ACT Immigration Policy
Goals
- To attract back to New Zealand, able and productive former New Zealand citizens.
- To attract able and productive immigrants.
- To retain able and productive New Zealanders.
Background
- Immigrants bring new hopes, new ideas, skills and entrepreneurial attitudes.
- They challenge our way of doing things, they wake us up.
- They provide links with markets.
- They bring cultural enrichment and diversity.
- They strengthen the All Blacks.
- Immigration has exposed weaknesses in our occupational licensing arrangements, employment laws, schools, housing and welfare systems.
- Migration is a good barometer of New Zealand's attractiveness, however New Zealand has become less attractive during the last decade.
Principles
- Policies that promote the prosperity of New Zealanders at large will also best turn migration outflows to inflows.

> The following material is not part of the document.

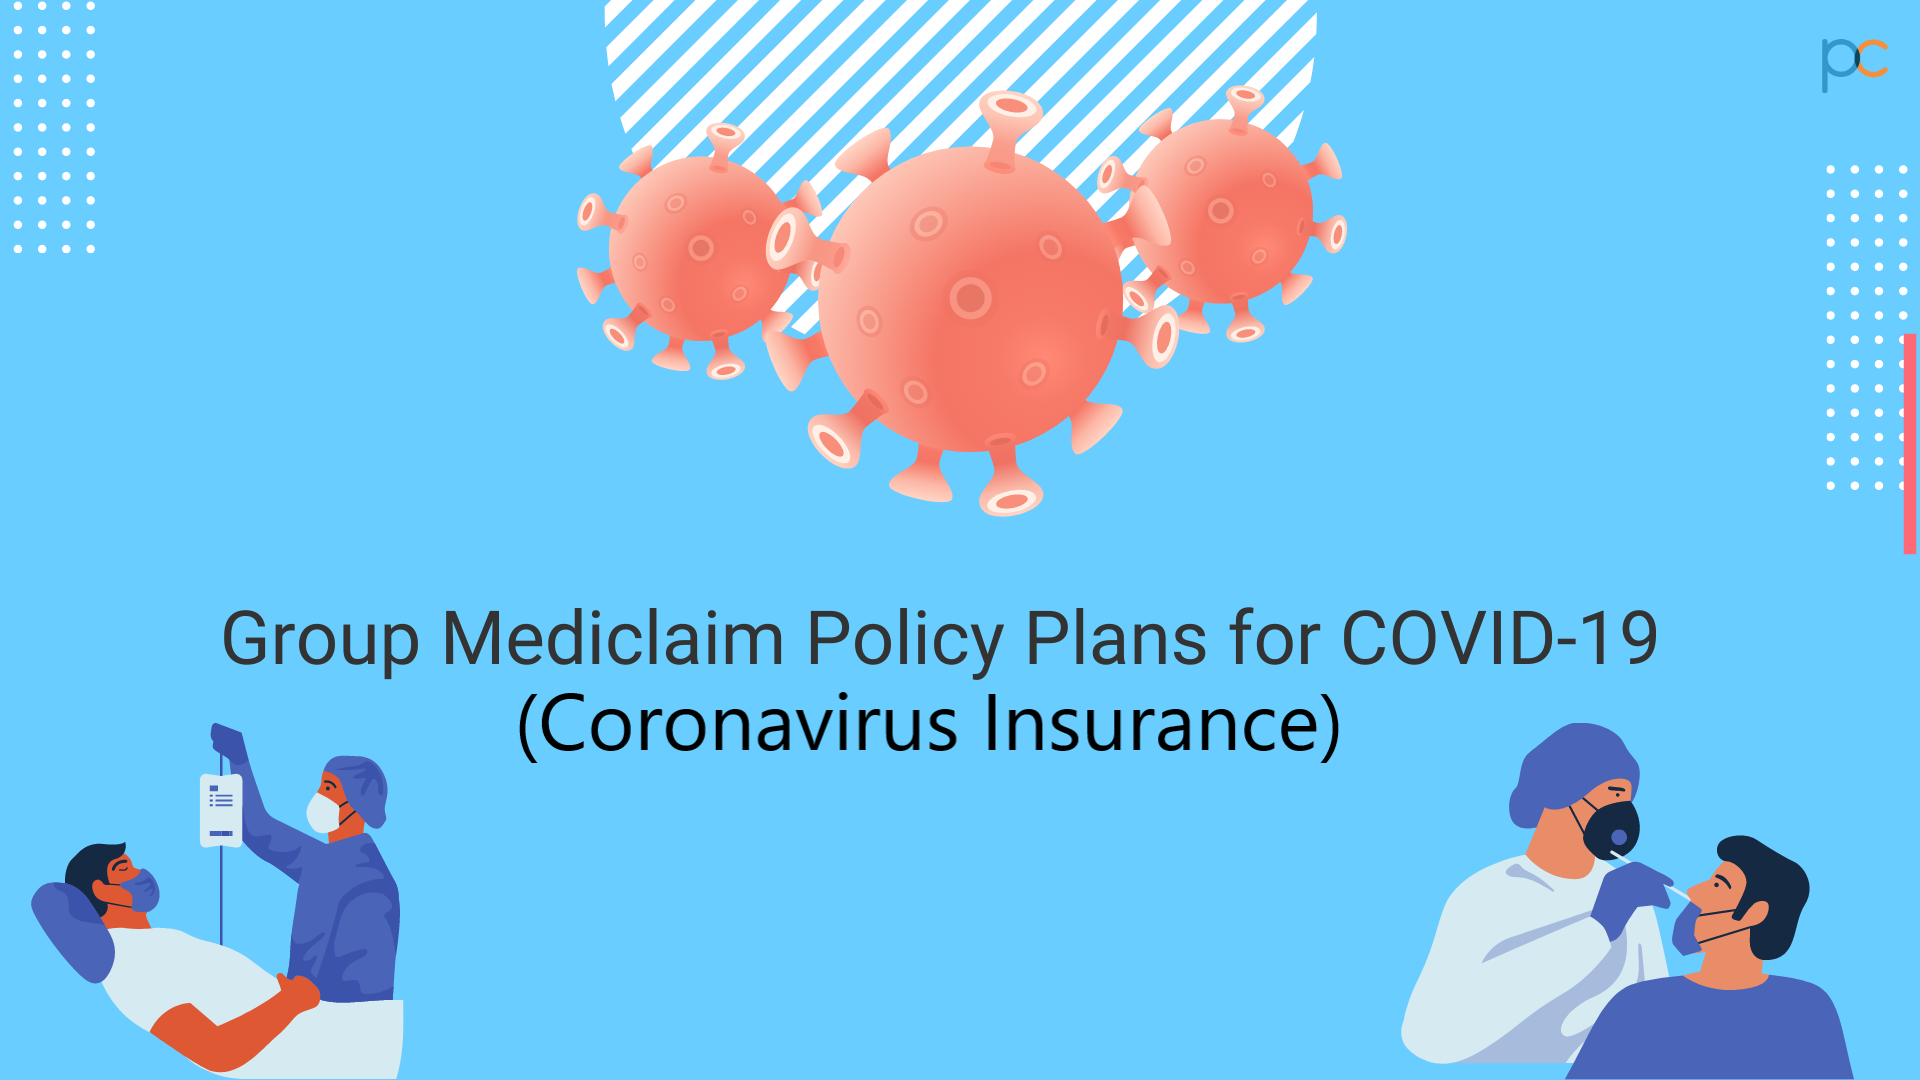 Group Mediclaim Policy Plans for COVID-19 – Coronavirus Insurance - Plancover

- We should be aiming for net inflows of around 30-40,000 persons per year.
- We should be aiming to attract the ablest and most productive people (while making allowance for refugees, and family reunion cases).
- Immigrants must not have easy access to welfare.

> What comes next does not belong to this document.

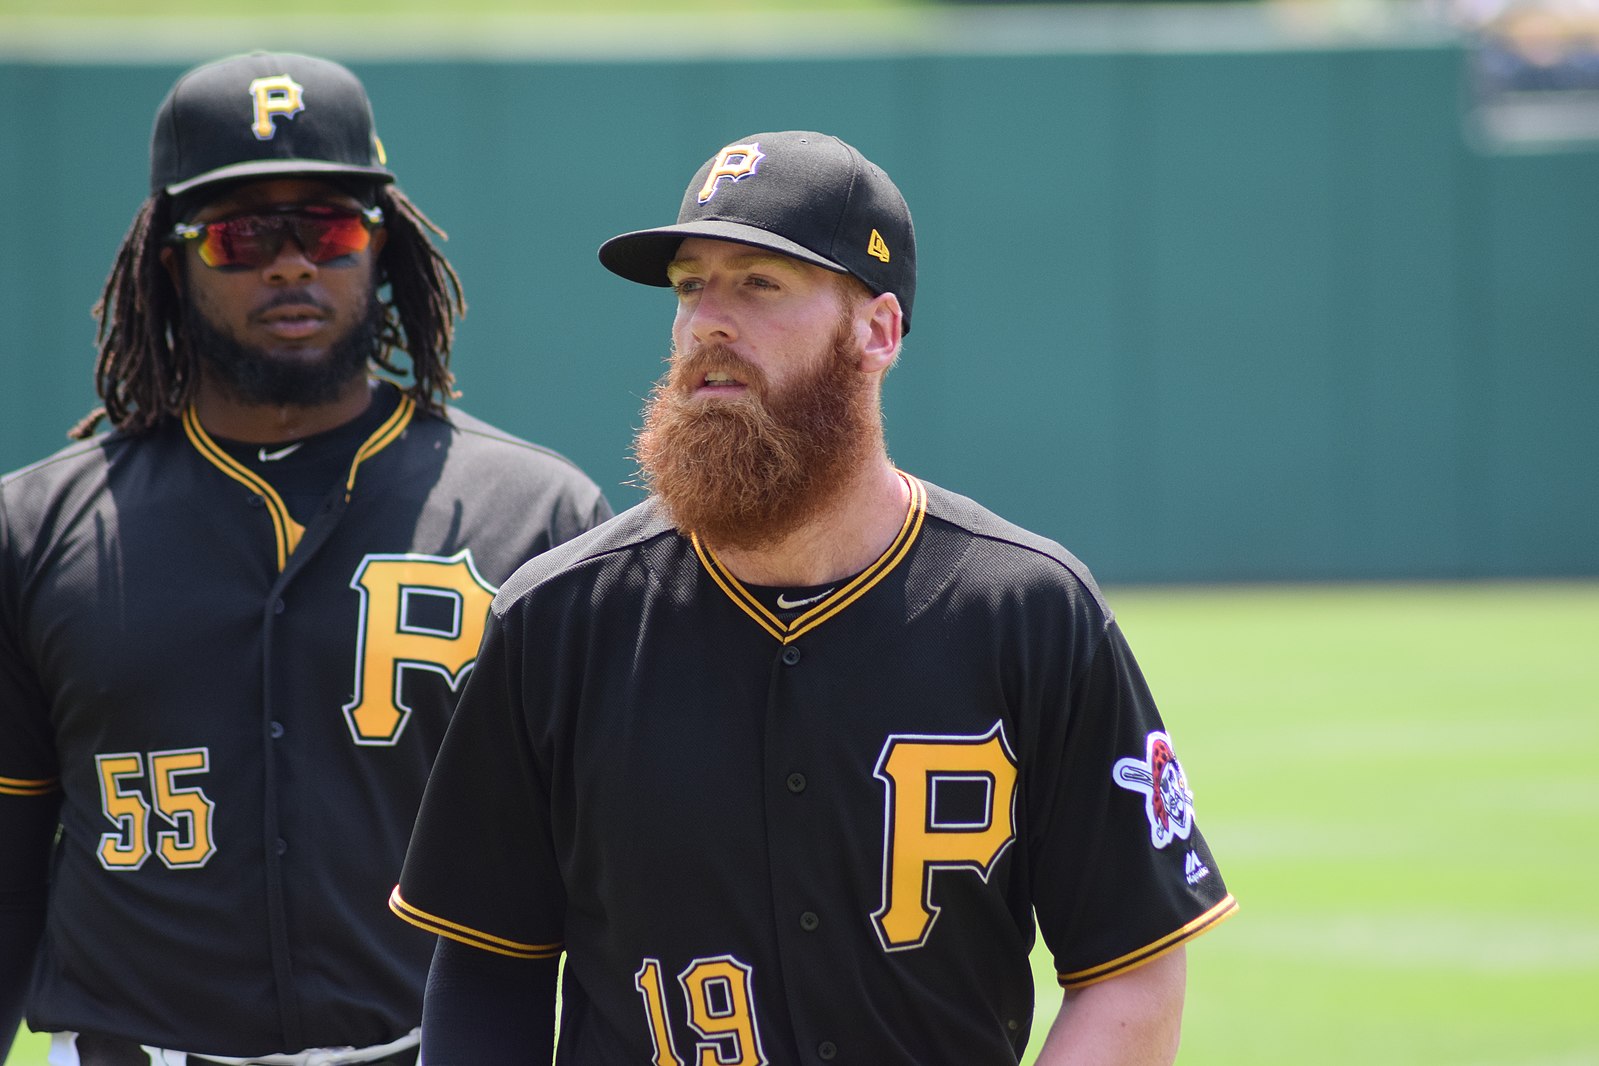 MLB Predictions on Where the Pittsburgh Pirates Will Finish the 2021 Season

- There should be no special government privileges for immigrants - these are a recipe for multicultural strife.
- It is essential to reduce employment law barriers, including addressing issues of anti-competitive occupational licensing arrangements.
- The education system should be able to respond more freely to any language problems arising from immigration.
- Private agencies - banks, lawyers, real estate agents, cultural and ethnic associations and the like - are best able to ease the transition of immigrants.
- New Zealand cannot afford the politics of envy. Labour's 'soak-the-rich' policy of raising the top income tax rate provides our best and brightest with yet another reason for emigrating, while making us less attractive to skilled immigrants.
- The points system for determining eligibility is superior to earlier approaches.
- Immigration consultants should not be required to be licensed.
- Governments should not try to control the geographical spread of immigration.
Policy Detail
- Cut tax rates in order to make New Zealand a more attractive place to live
- Cap the tax burden of the highest-earning individuals to attract talented entrepreneurs, and others with valuable international connections, and to retain New Zealanders who would otherwise leave.
- Reduce occupational licensing as a barrier to the use of immigrants' skills.
- Adopt other immigrant welcoming policies within an overall annual quota set at a level that the country can absorb.
- Introduce a five year probation period during which immigrants who offend can be sent home if convicted of an imprisonable offence.